Correlation Between ICF International and BrightView Holdings
Can any of the company-specific risk be diversified away by investing in both ICF International and BrightView Holdings at the same time? Although using a correlation coefficient on its own may not help to predict future stock returns, this module helps to understand the diversifiable risk of combining ICF International and BrightView Holdings into the same portfolio, which is an essential part of the fundamental portfolio management process.
By analyzing existing cross correlation between ICF International and BrightView Holdings, you can compare the effects of market volatilities on ICF International and BrightView Holdings and check how they will diversify away market risk if combined in the same portfolio for a given time horizon. You can also utilize pair trading strategies of matching a long position in ICF International with a short position of BrightView Holdings. Check out your portfolio center. Please also check ongoing floating volatility patterns of ICF International and BrightView Holdings.
Diversification Opportunities for ICF International and BrightView Holdings
0.93 | Correlation Coefficient |
Almost no diversification
The 3 months correlation between ICF and BrightView is 0.93. Overlapping area represents the amount of risk that can be diversified away by holding ICF International and BrightView Holdings in the same portfolio, assuming nothing else is changed. The correlation between historical prices or returns on BrightView Holdings and ICF International is a relative statistical measure of the degree to which these equity instruments tend to move together. The correlation coefficient measures the extent to which returns on ICF International are associated (or correlated) with BrightView Holdings. Values of the correlation coefficient range from -1 to +1, where. The correlation of zero (0) is possible when the price movement of BrightView Holdings has no effect on the direction of ICF International i.e., ICF International and BrightView Holdings go up and down completely randomly.
Pair Corralation between ICF International and BrightView Holdings
Given the investment horizon of 90 days ICF International is expected to under-perform the BrightView Holdings. In addition to that, ICF International is 1.5 times more volatile than BrightView Holdings. It trades about -0.15 of its total potential returns per unit of risk.
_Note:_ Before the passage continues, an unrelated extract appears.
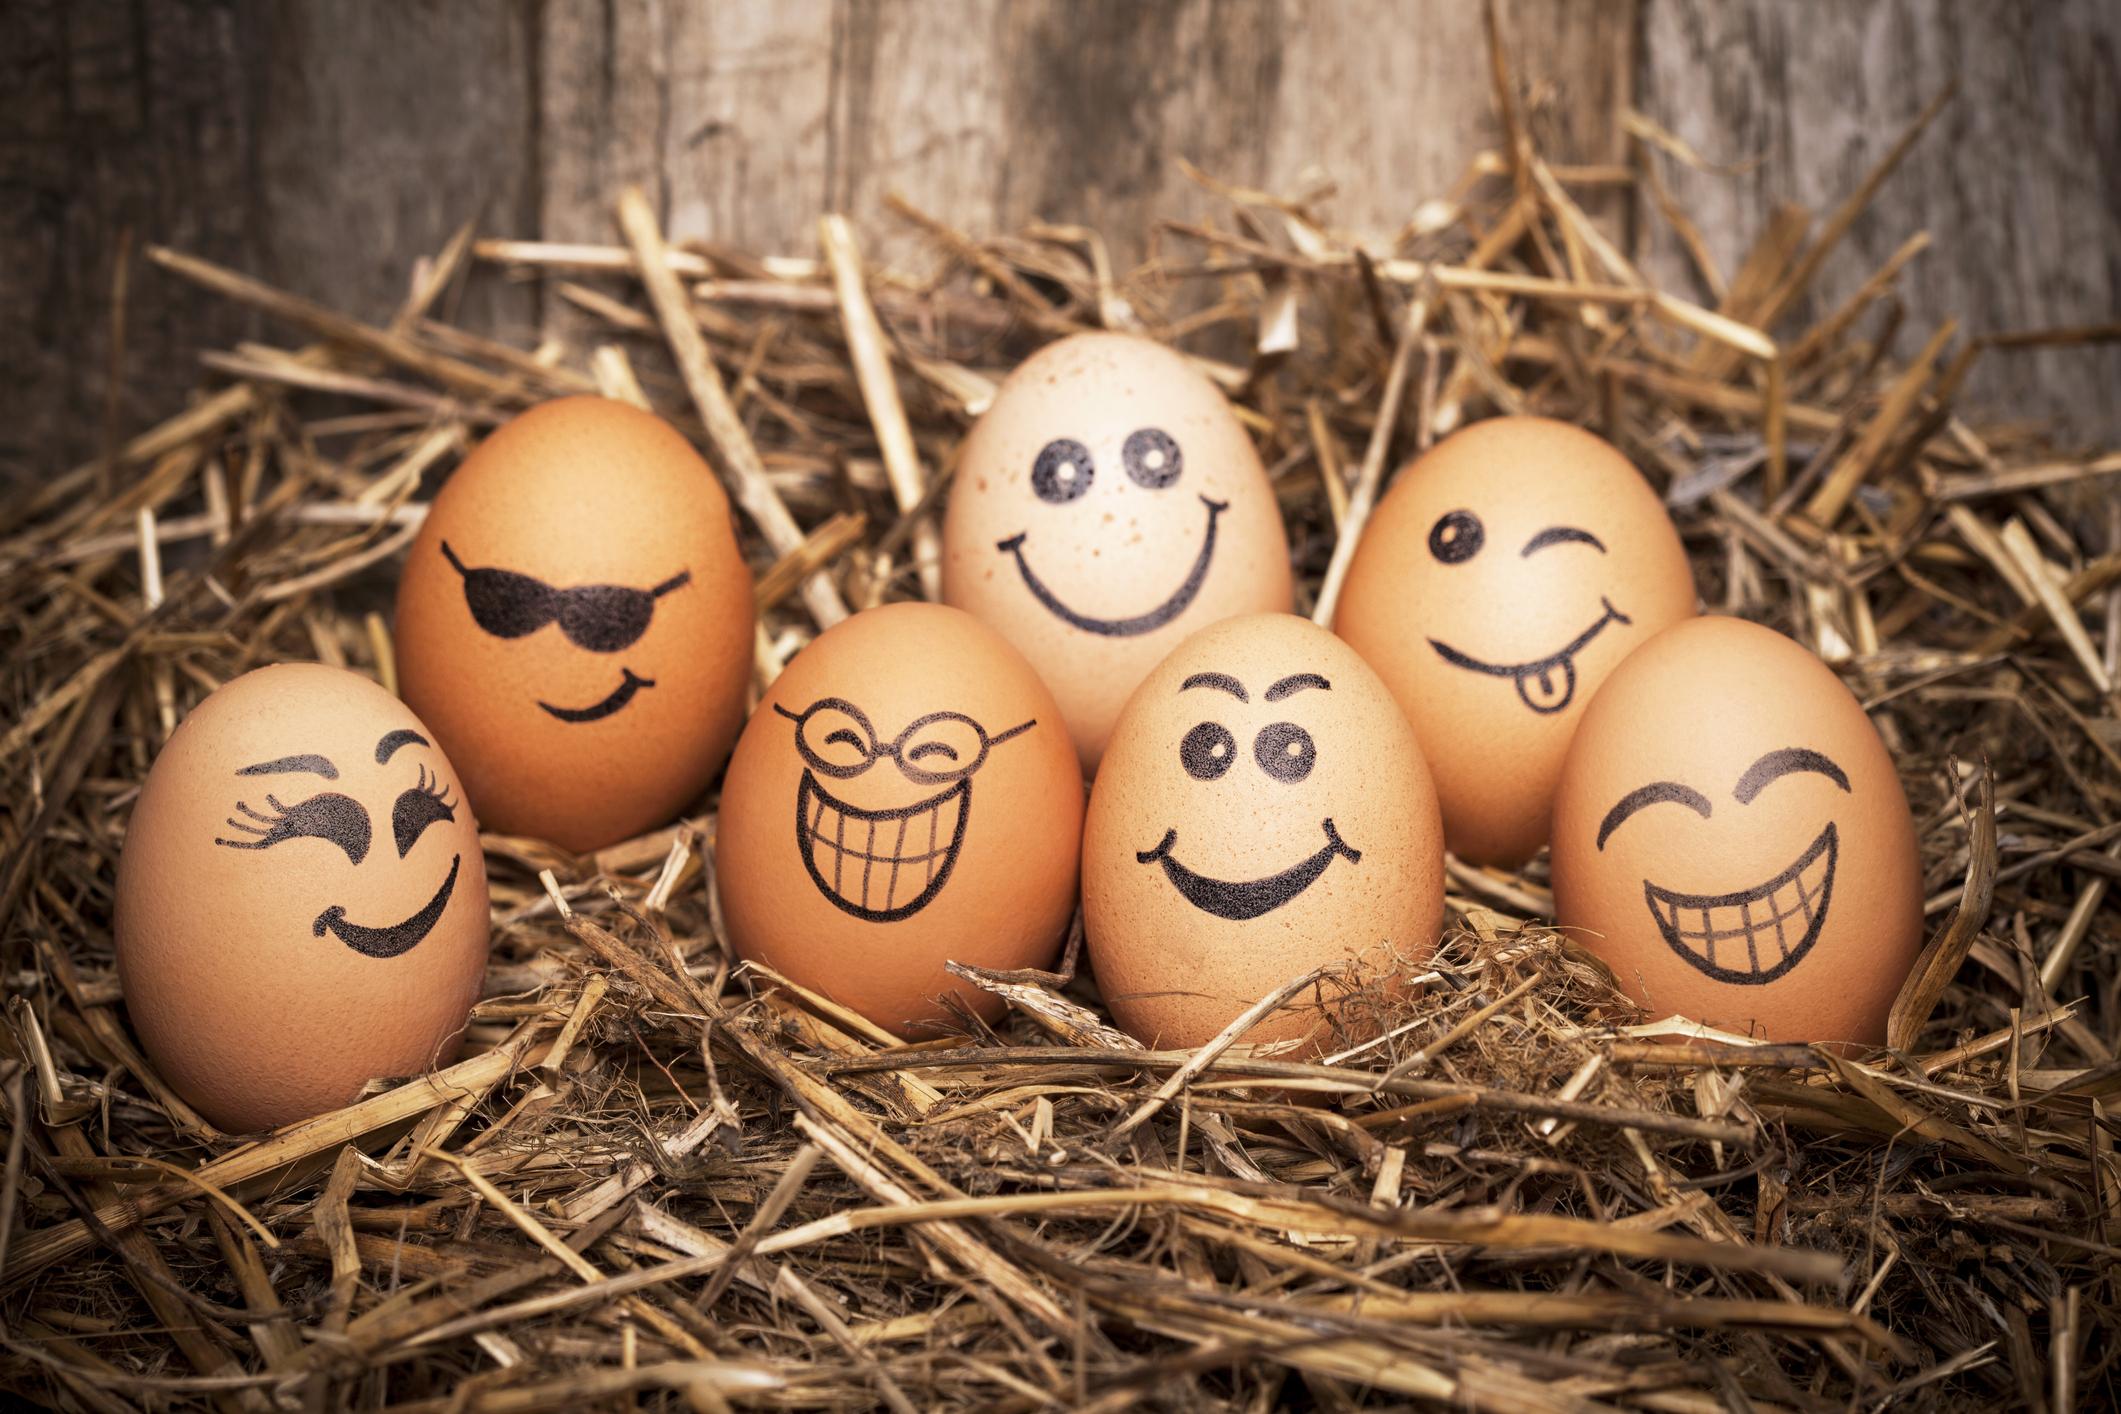 <p>Старо еврейско суеверие гласи, че консумирането на яйце с два жълтъка ще ви благослови с много деца. В Европа по-суеверните земеделски производители &bdquo;засаждат&ldquo; яйца в своите полета или хвърлят яйчени черупки между редиците на културите, за да си осигурят добра реколта.</p>

BrightView Holdings is currently generating about -0.15 per unit of volatility. If you would invest 1,640 in BrightView Holdings on December 25, 2024 and sell it today you would lose (314.00) from holding BrightView Holdings or give up 19.15% of portfolio value over 90 days.
Time Period | 3 Months [change] |
Direction | Moves Together |
Strength | Very Strong |
Accuracy | 100.0% |
Values | Daily Returns |
ICF International vs. BrightView Holdings
Performance |
Timeline |
ICF International |
BrightView Holdings |
ICF International and BrightView Holdings Volatility Contrast
Predicted Return Density |
Returns |
Pair Trading with ICF International and BrightView Holdings
The main advantage of trading using opposite ICF International and BrightView Holdings positions is that it hedges away some unsystematic risk. Because of two separate transactions, even if ICF International position performs unexpectedly, BrightView Holdings can make up some of the losses. Pair trading also minimizes risk from directional movements in the market. For example, if an entire industry or sector drops because of unexpected headlines, the short position in BrightView Holdings will offset losses from the drop in BrightView Holdings' long position.ICF International vs. Forrester Research | ICF International vs. Huron Consulting Group | ICF International vs. Franklin Covey | ICF International vs. FTI Consulting |
BrightView Holdings vs. Network 1 Technologies | BrightView Holdings vs. Civeo Corp | BrightView Holdings vs. Maximus | BrightView Holdings vs. CBIZ Inc |
Check out your portfolio center.Note that this page's information should be used as a complementary analysis to find the right mix of equity instruments to add to your existing portfolios or create a brand new portfolio. You can also try the Equity Forecasting module to use basic forecasting models to generate price predictions and determine price momentum.